Input data

+-------+

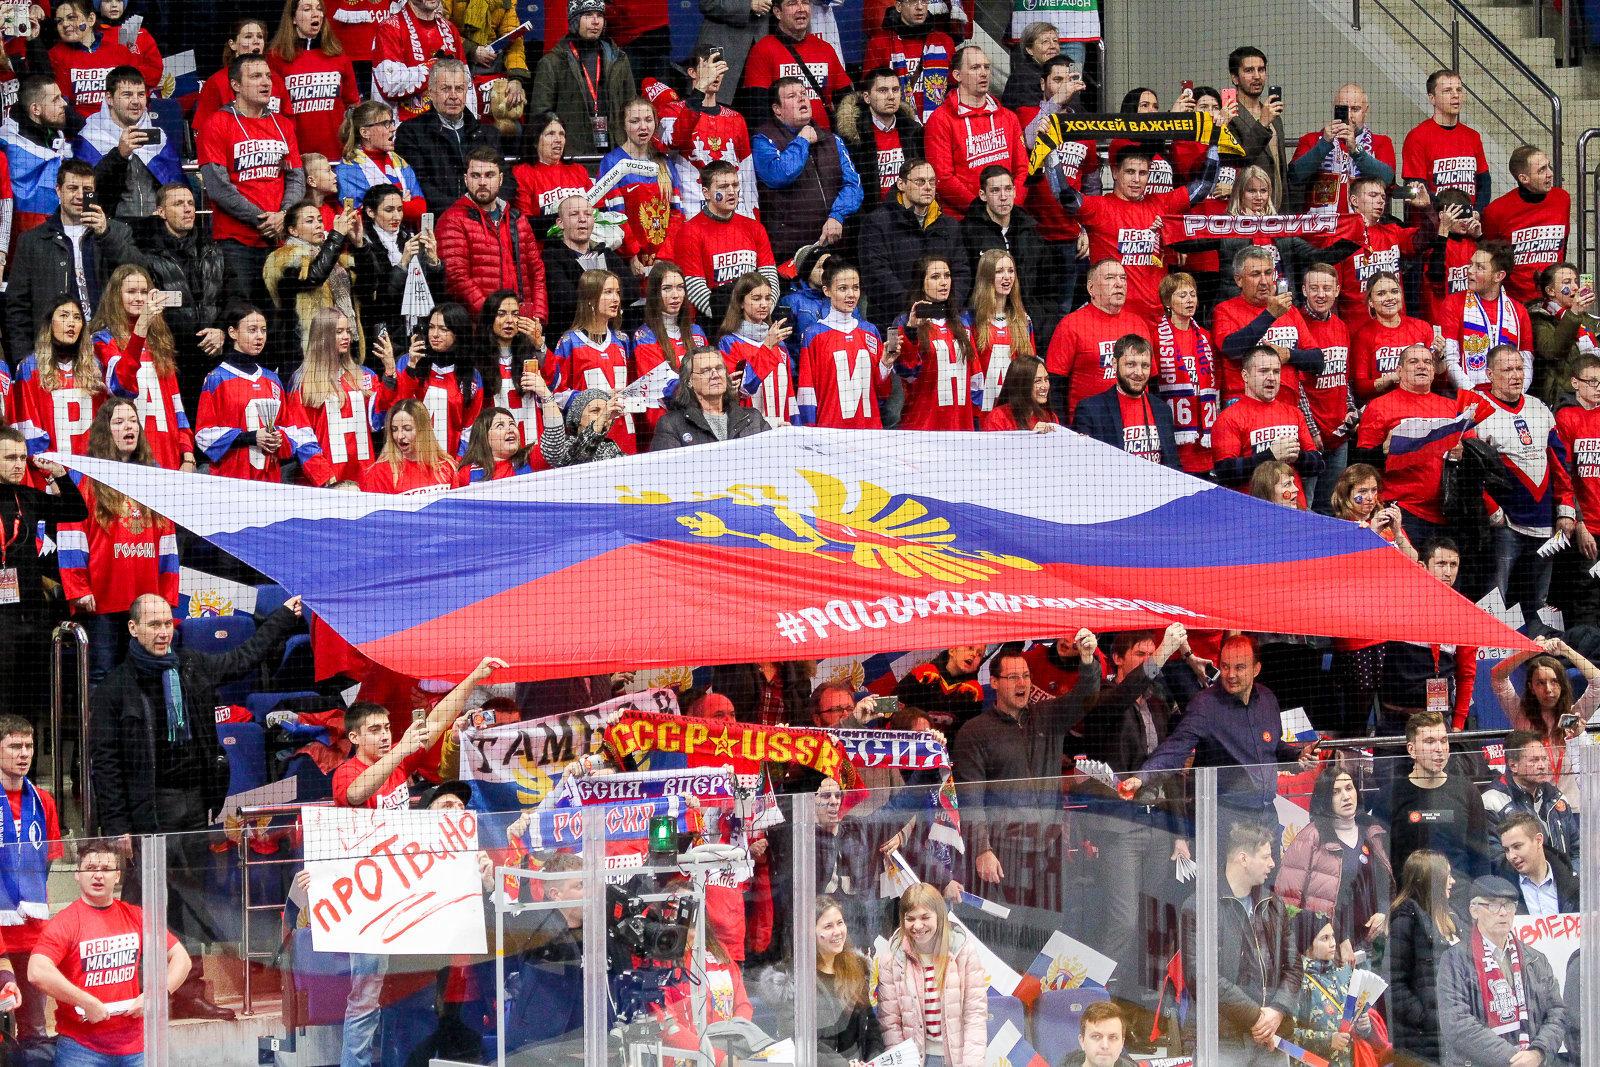 Половина граждан РФ поддерживает запрет профессионального футбола впользу детского спорта
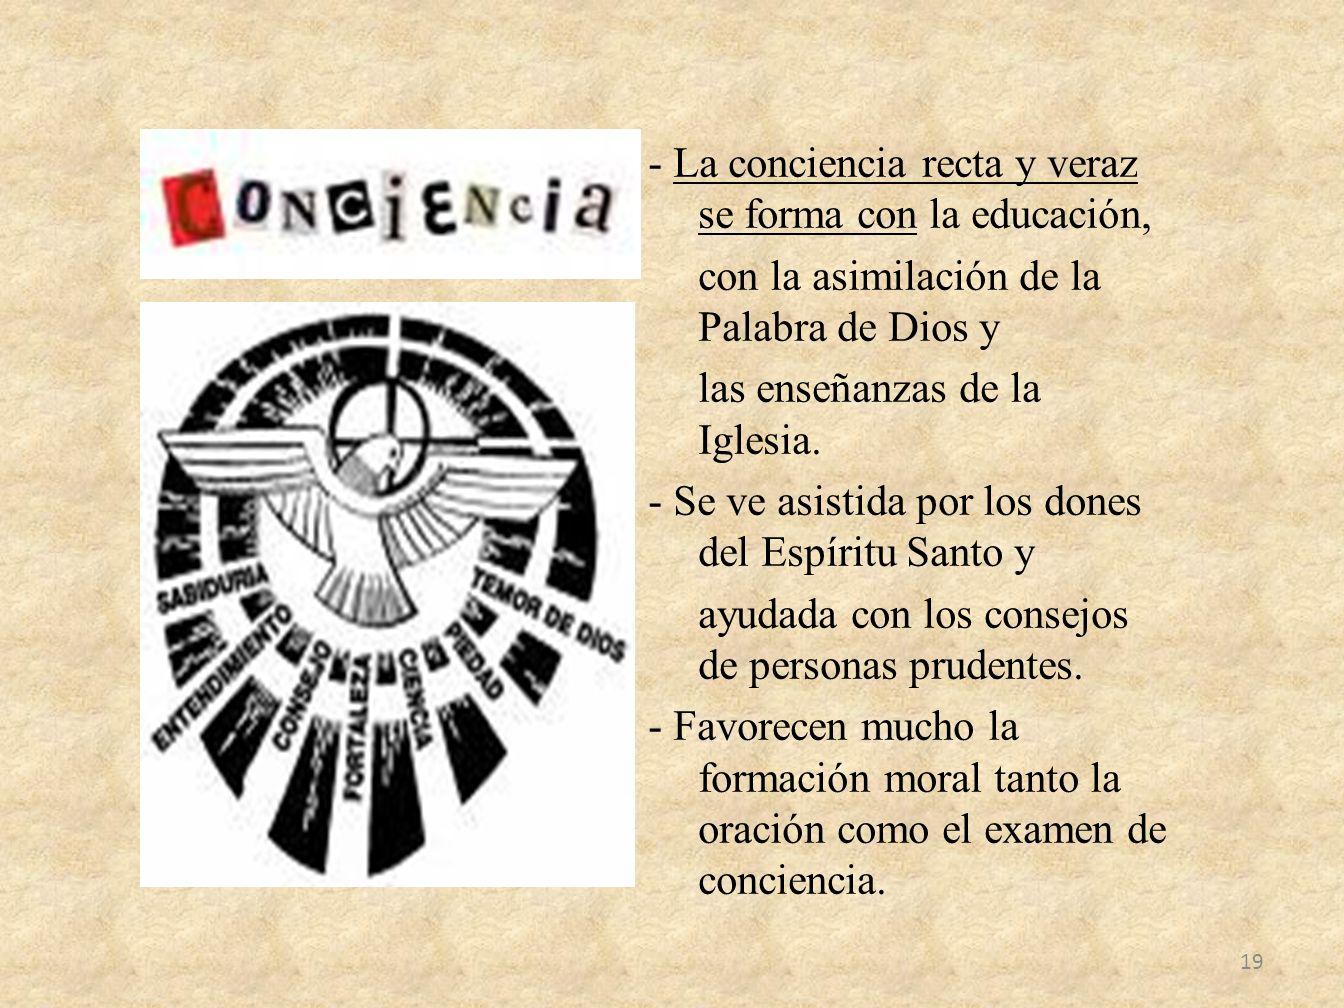 - La conciencia recta y veraz se forma con la educación, con la asimilación de la Palabra de Dios y las enseñanzas de la Iglesia. - Se ve asistida por
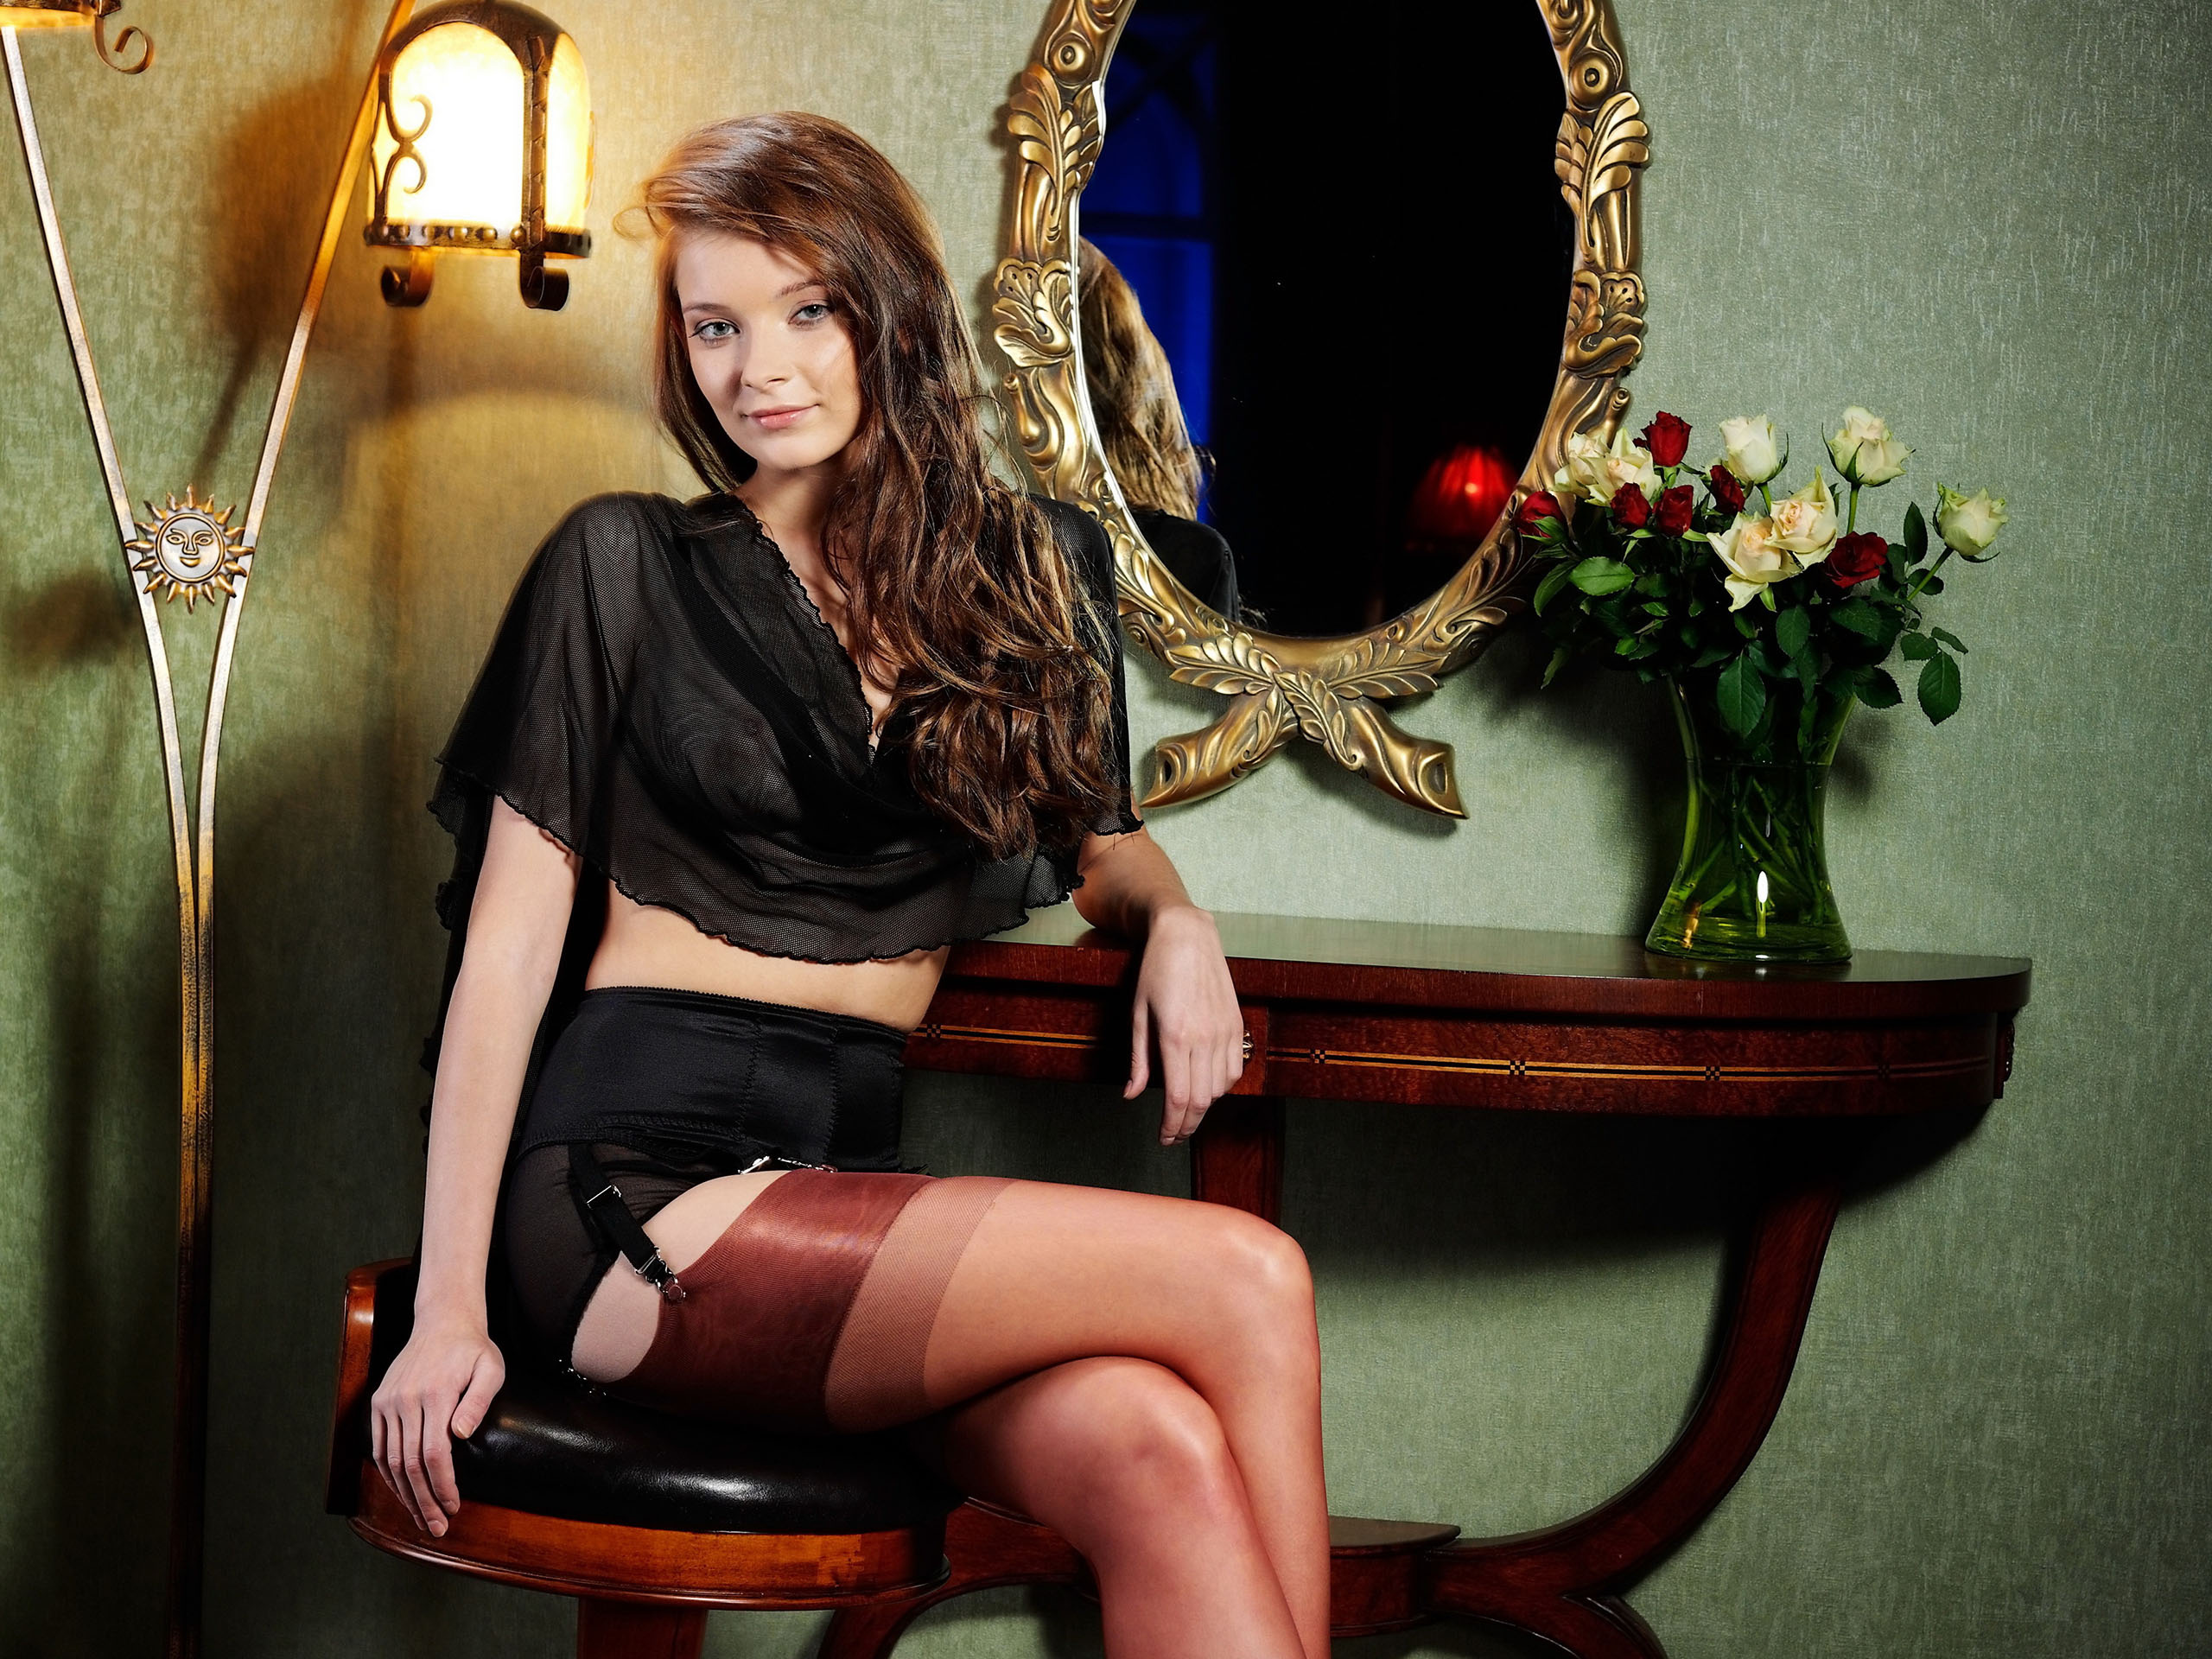 Анна в чулках 3 фотография

+-------+

Task prompt
Give the data again exactly as it appears, but without any images.

Exercise solution
 Половина граждан РФ поддерживает запрет профессионального футбола впользу детского спорта
 - La conciencia recta y veraz se forma con la educación, con la asimilación de la Palabra de Dios y las enseñanzas de la Iglesia. - Se ve asistida por
 Анна в чулках 3 фотография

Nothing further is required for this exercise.